Pickup On South Street

We came home from a memorial service for a friend’s mother. It was sad, but also… I don’t know the word. Not joyful, or happy, nor even comforting. Wordsworth said it best (as is not uncommon): We will grieve not, rather find/Strength in what remains behind;/In the primal sympathy/Which having been must ever be

Which is a way of saying, it was nice to see colleagues from Eastern Market in an environment detached from economics and think about love and marriage and family and ties and not how the customers are biting that day.

So why is this post named after a classic film noir (maybe the classic film noir; Double Indemnity, Out of the Past, and Touch of Evil might be better movies, but Pickup most truly like a platonic ideal of noir)?

Because, after coming home, having ramen, and doing some work, I flipped through the television and there it was, from 10pm until 11:30pm on Turner Classic Movies. I couldn’t resist.

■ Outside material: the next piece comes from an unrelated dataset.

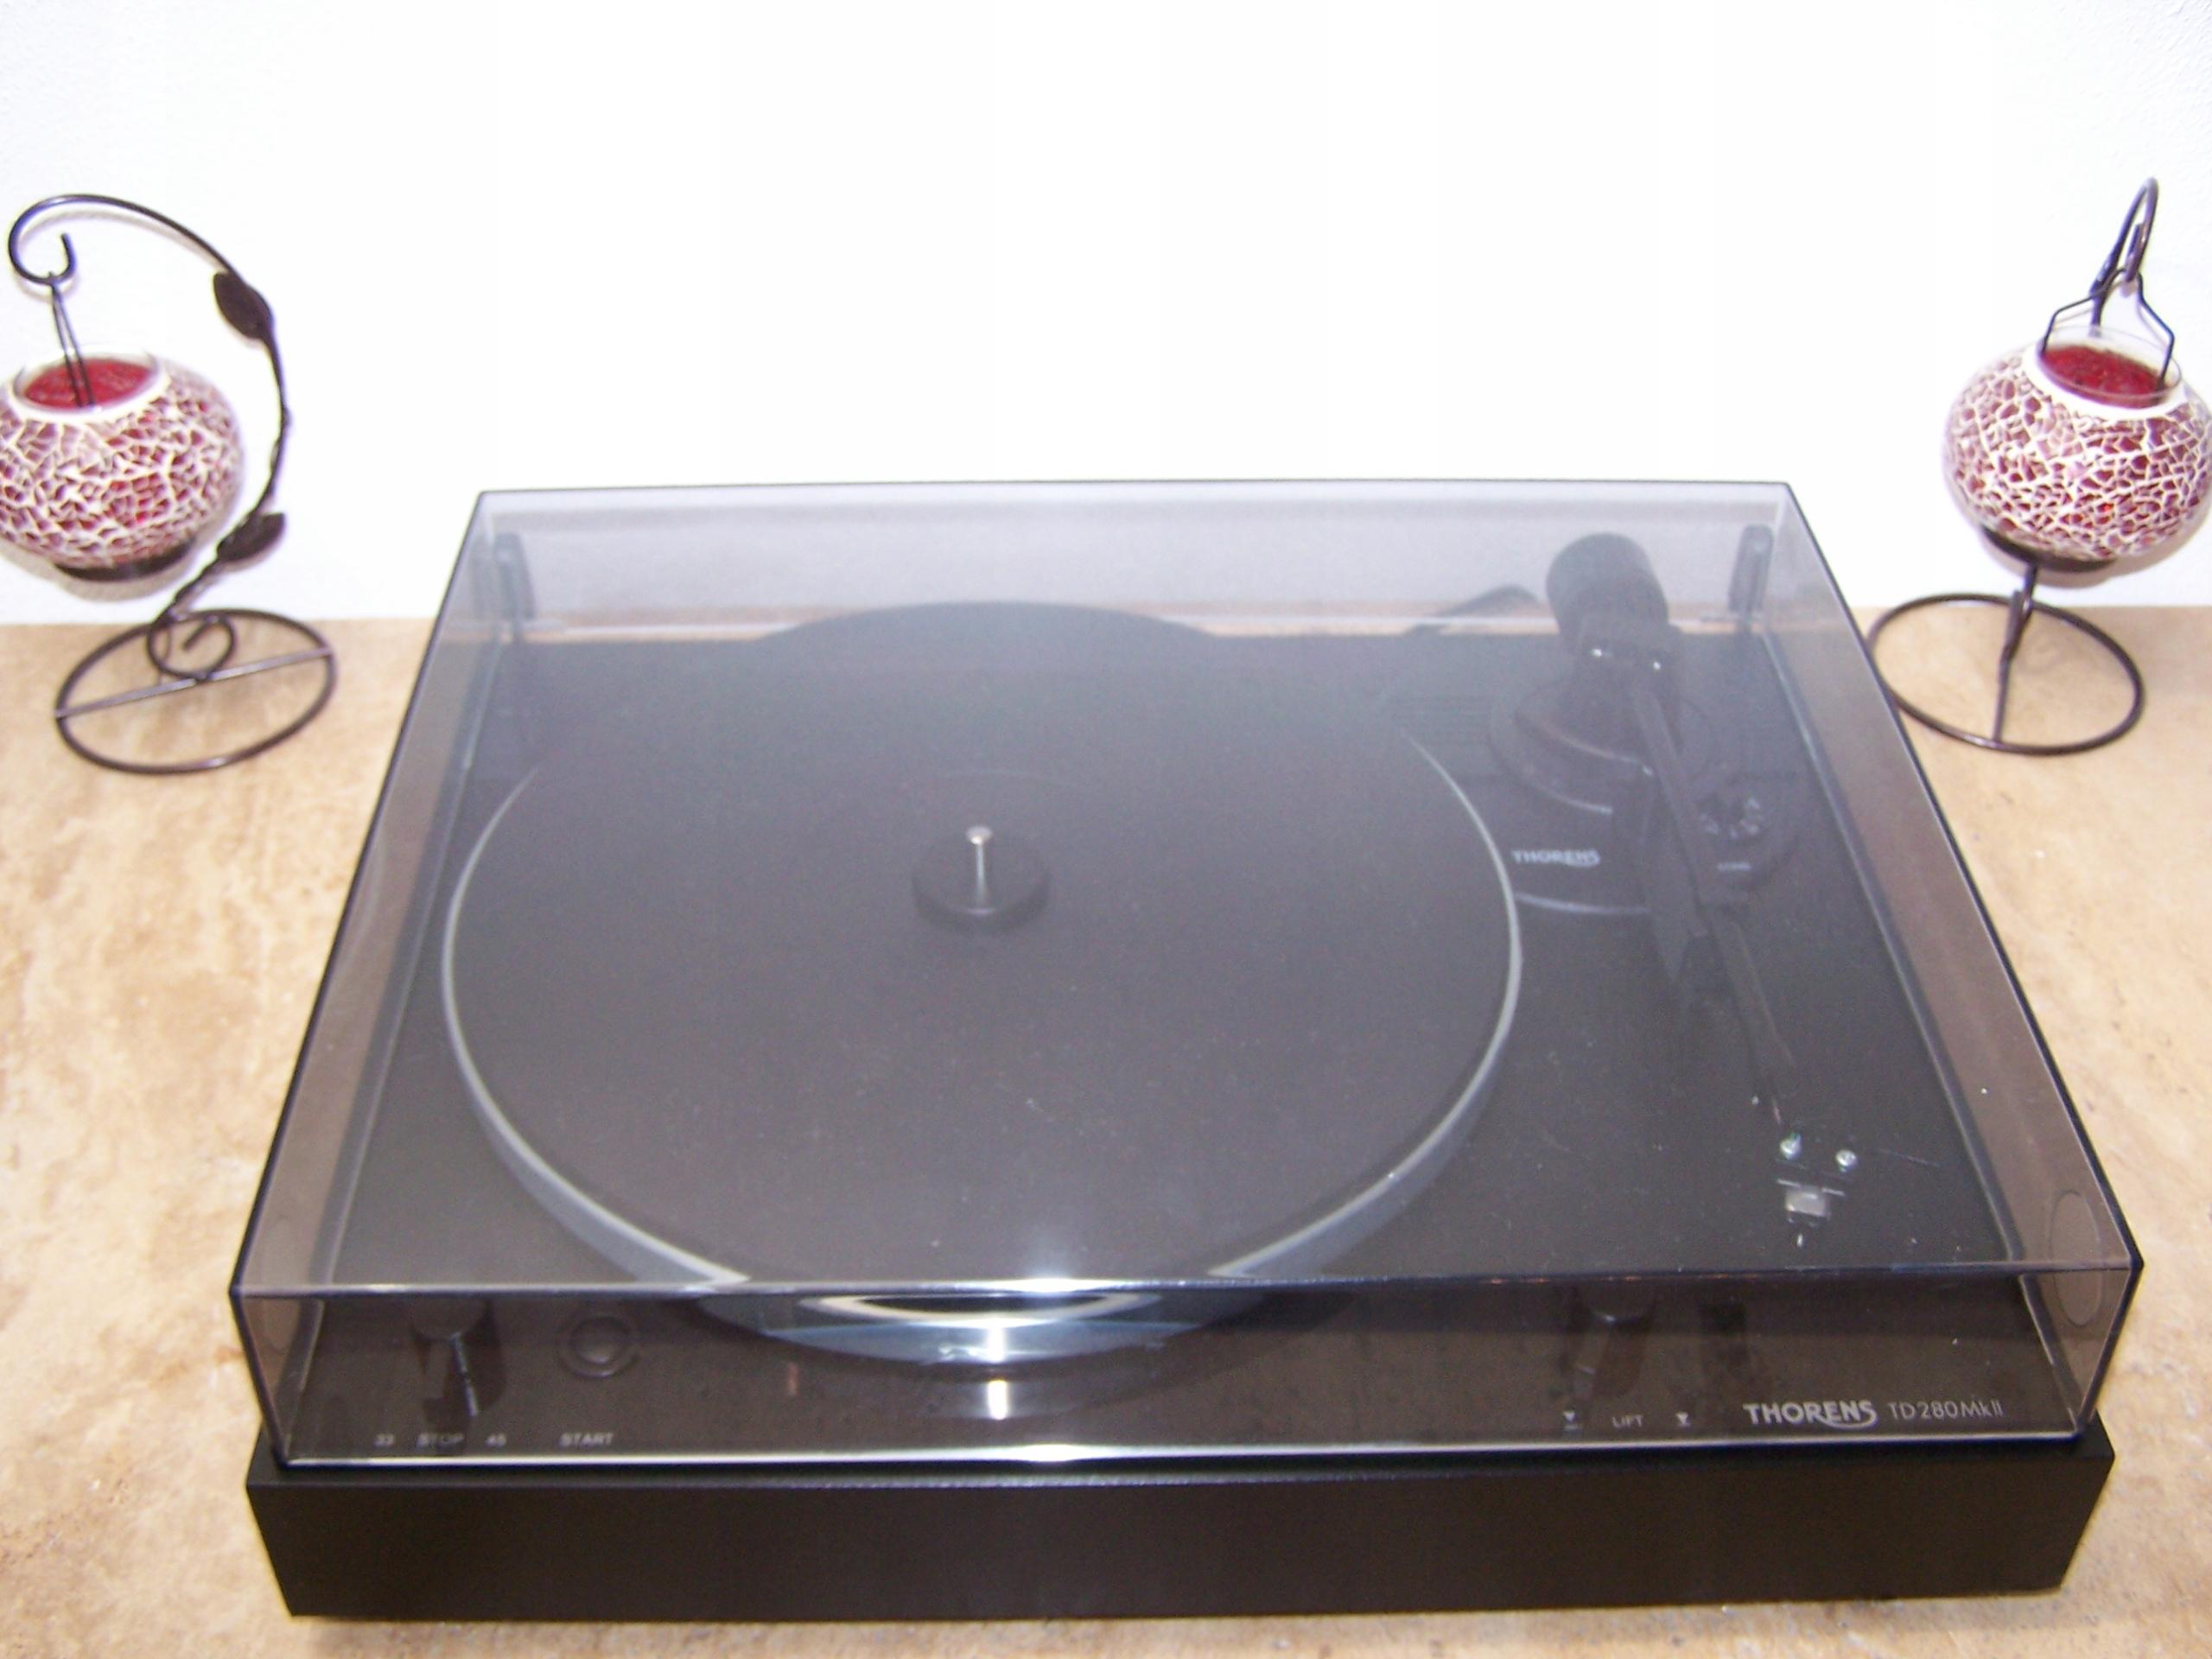 Audiofilski Thorens TD280 MK2 Stanton mk4 Śliczny

Even my better half  liked it! Actually, she likes old movies, but not inbetween movies. Movies from 1970-1994 really don’t interest her. To her, those are ‘old movies.’ An actual old movie? She likes those.

And the tight documentation of the seedy side? The close analysis of a pickpocket’s technique, an information broker’s one room dump and sad front selling ‘personality ties?’ Awesome. The blousy woman who only likes guys who beat her up? Umm… not awesome, but it added a real sense of menace to a movie from a time when kisses couldn’t be more than 2 seconds long, ‘sex’ could not be named, and blood was pretty rare. And Richard Widmark as the pickpocket. Handsome, but with an evil looking forehead (you’ll just have to see it to understand what I mean) and with a strange sense of pride, confidence, and badass-ness for a three time loser who’s the least violent kind of criminal (he picks pocket, covering his actions up with a copy of the New York Times). The missus saw it, too: he was hot. In the middle of the red scare, he didn’t care whether the communists got the secrets or not. He only got mad when one of them beat up the girl worse than he had (yes; the ‘good guy’ also smacked the girl around, just not so badly and he didn’t shoot her afterwards).

What am I saying? I don’t know. But what a great freakin’ movie.